Despite the Scholls’ repeated assertions that they alone were responsible, their friends were also punished with prison or death. Kurt Huber was executed on July 13. His purpose, he wrote, had been ‘to rouse students not to any act of violence but to insight into the existing evils in political life. A return to clear moral principles, a constitutional state and mutual trust among people: this is not an illegal aim, it means the restoration of legality’.

In 1953 a memorial ceremony was held for the White Rose. The German president said: ‘The courageous death of these young people, who pitted integrity of mind and courage to voice the truth against empty rhetoric and the lie, became a victory at the moment when their life was cut off.’

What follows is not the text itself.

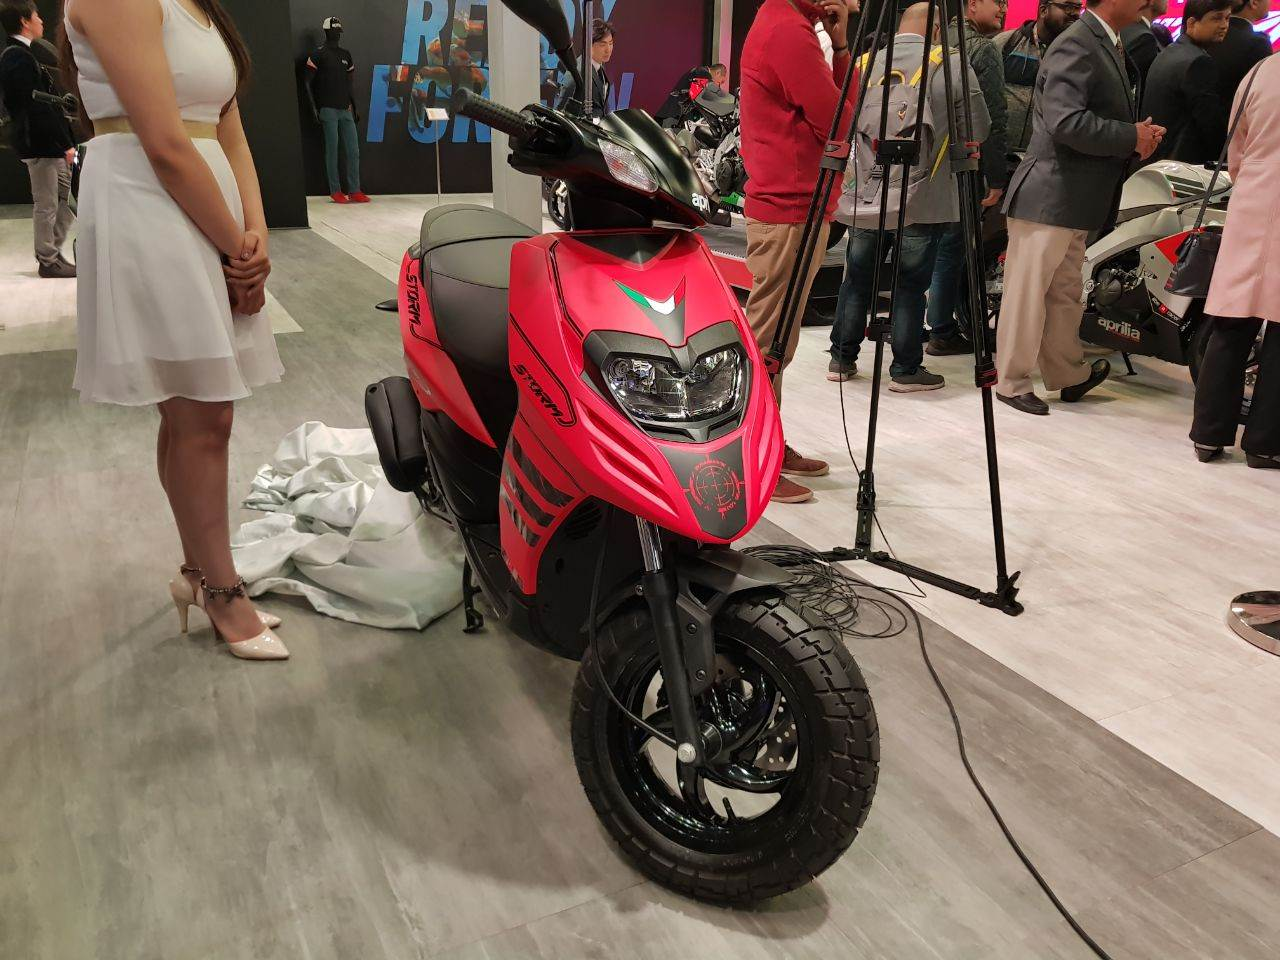 Aprilia Storm 125 revealed at Auto Expo 2018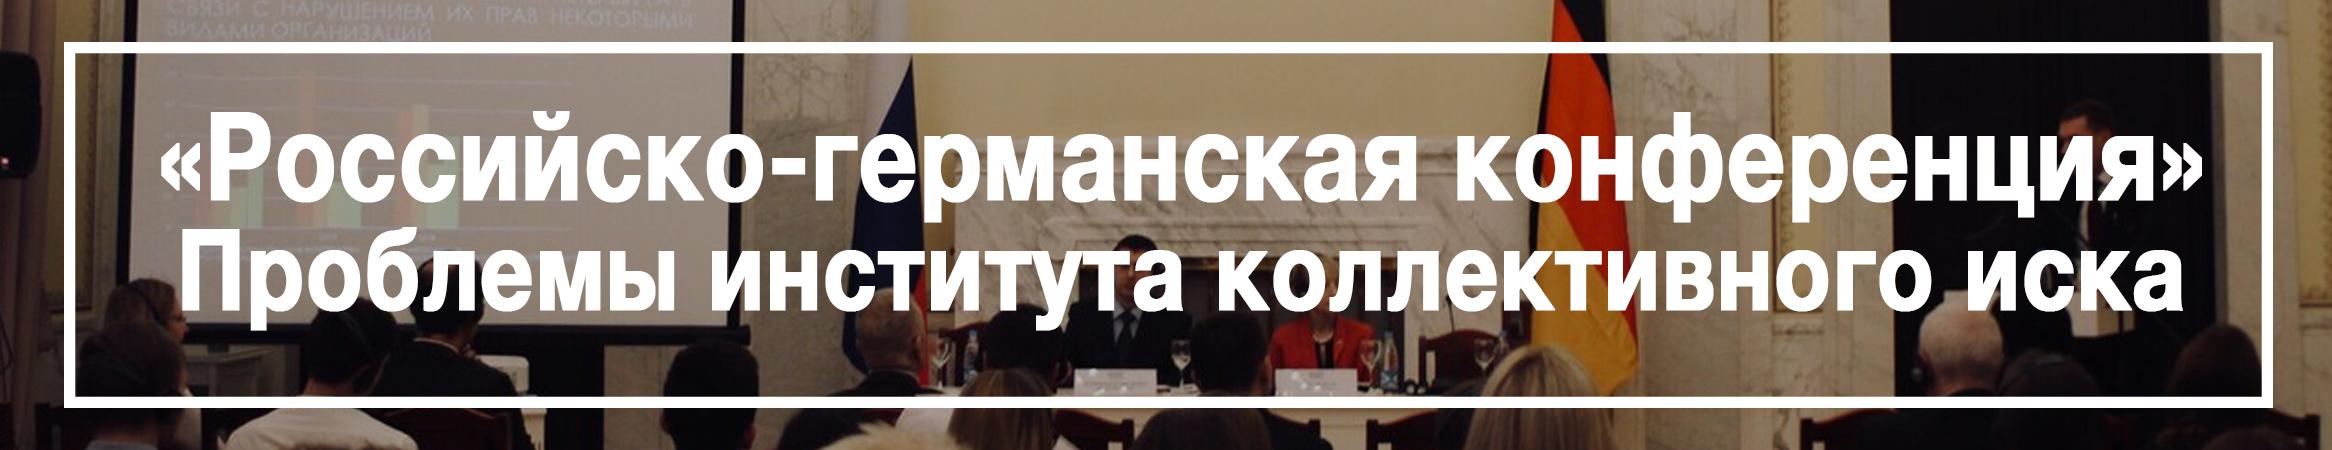 la-advokat.ru/about/

Outside the university, squares have been named after the Scholls and Kurt Huber. The floor of the university courtyard has been re-tiled, with images of the leaflets that had lain there incorporated into the design. In Hamburg, one of several cities to which the White Rose movement spread, Sophie has a street named after her. Their graves are well-tended, planted with white roses.

Hans’ last words before his execution were ‘Long live freedom’. At her trial Sophie said, ‘What we said and wrote is what many people are thinking. Only they don’t dare to say it’.